I recently completed Coursera's "The Data Scientist's Toolbox" course presented by Johns Hopkins University. This 4-week course offers a broad overview of what data science is and how to set up your "toolbox" for R programming and analysis of data. Below are my takeaways that have inspired me to continue to learn more about data science and R:
-
Data science begins with formulating the right questions and finding the right data set before bringing in math/statistics and hacking (programming) knowledge. This is part of the experimental design process.
-
A data science is broadly defined as someone:
“who combines the skills of software programmer, statistician and storyteller slash artist to extract the nuggets of gold hidden under mountains of data”
-
RStudio is a go-to graphical interface (application) to start developing R projects right away.
-
RStudio plays well with Github.
-
R's strength is statistical computing.
-
R has a markdown package! It can "knit" your project together into HTML, PDF, or Word document.
-
There are 6 general categories of data analyses:
- descriptive: summarizing a data set (U.S. census)

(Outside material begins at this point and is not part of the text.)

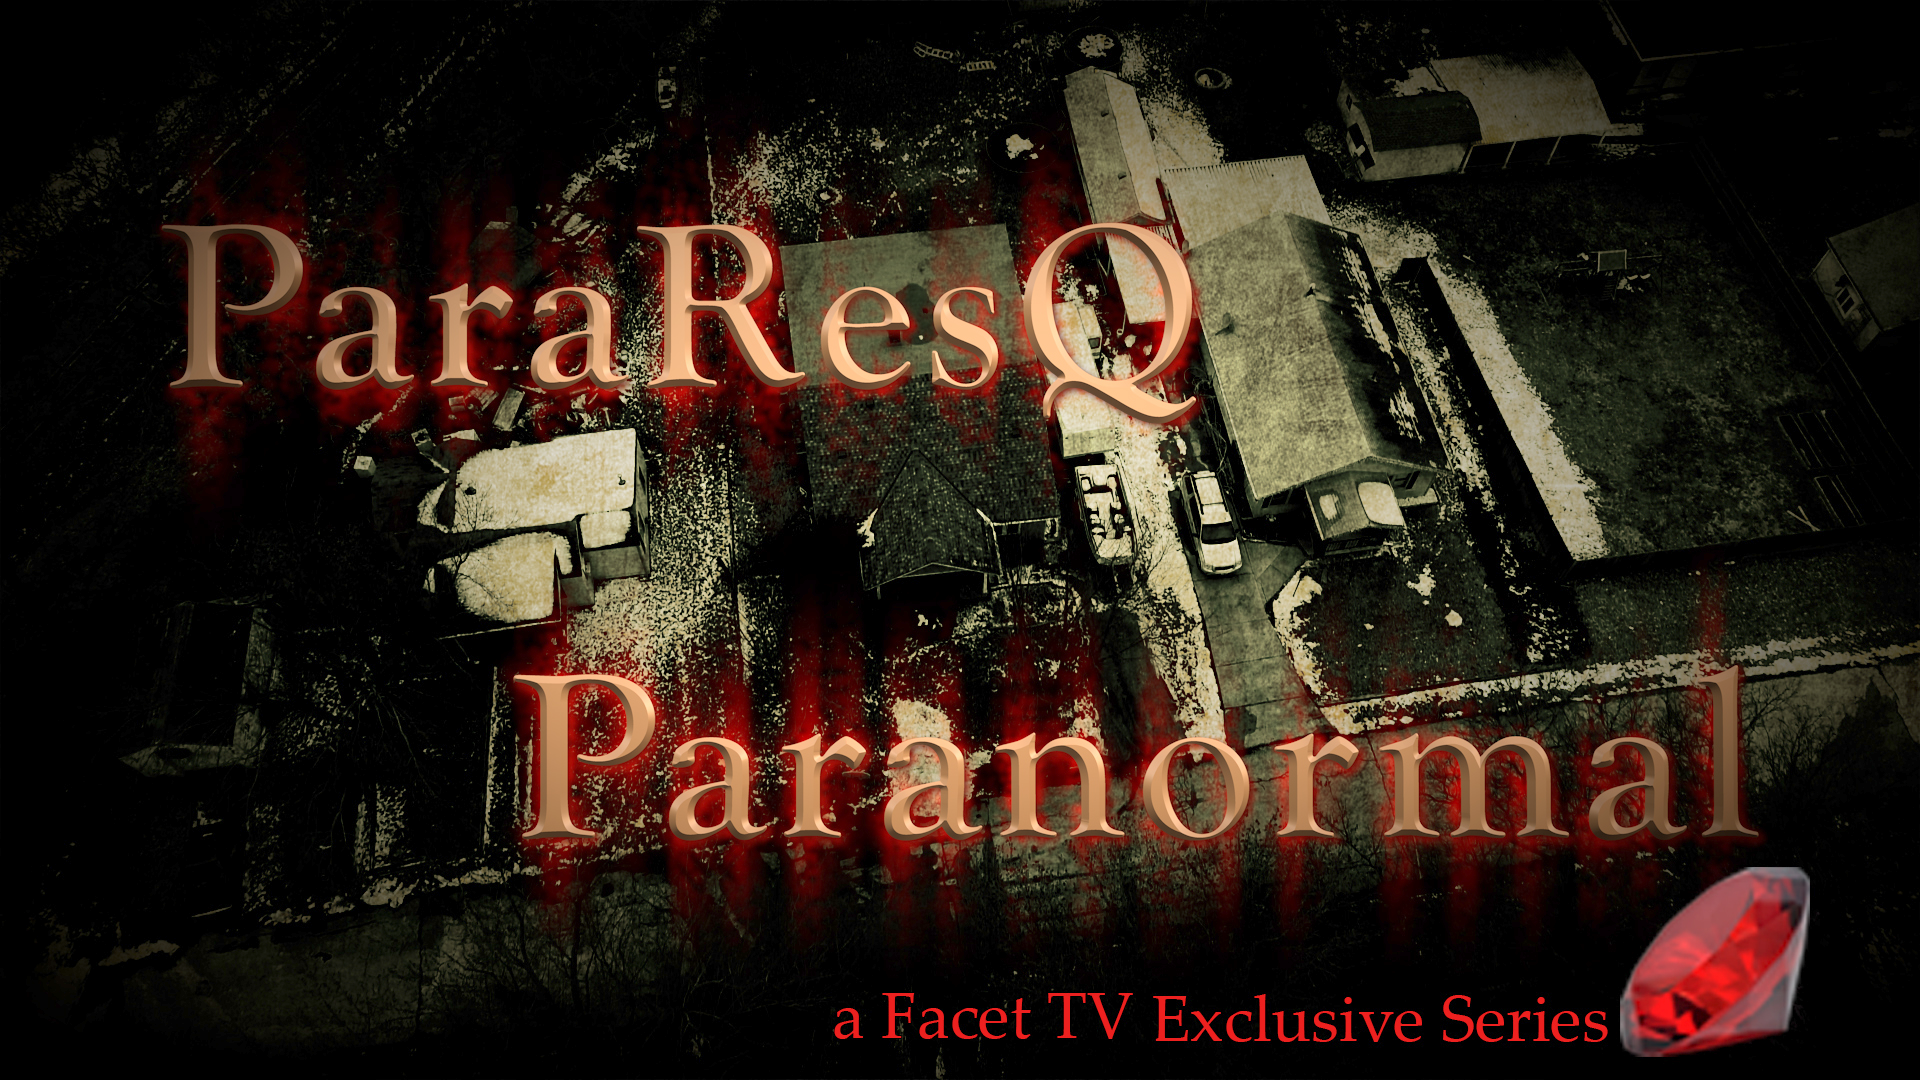 Photo for True Ghost Stories Episode One - ParaResQ on ViewStub

- exploratory: exploring data to find relationships (% of women in specific work sectors)
- inferential: generalizing from a small sample to reflect on a larger group (air pollution in small area infers how all of US residents are impacted by pollution anywhere)
- predictive: using historical data to predict what happens next (elections)
- causal: exploring cause & effect of variables upon each other (trials for drugs)
- mechanistic: measuring exact variable differences (material science experiments)
-
Experimental design begins with choosing variables (independent and dependent) in order to formulate an hypothesis (expected outcome) about which variables will be affected or changed.
-
An independent variable (factor) is often the X-axis when plotted.
-
The dependent variable is often the Y-axis when plotted.
-
Big data is defined by volume (more data), velocity (data is being generated quickly), and variety (data is available in several formats).
Important note: I did not pay to take this course. I audited it for it's core content, therefore, was unable to take any of the module quizzes or submit a course project. This is a good course to use as a way to explore if data science is an area you'd like to get to know and explore.
Statistics was a weakness of mine in undergraduate coursework, but asking questions, doing math, and writing code don't scare me. So! Next up in my exploration of data science: R Programming on Coursera.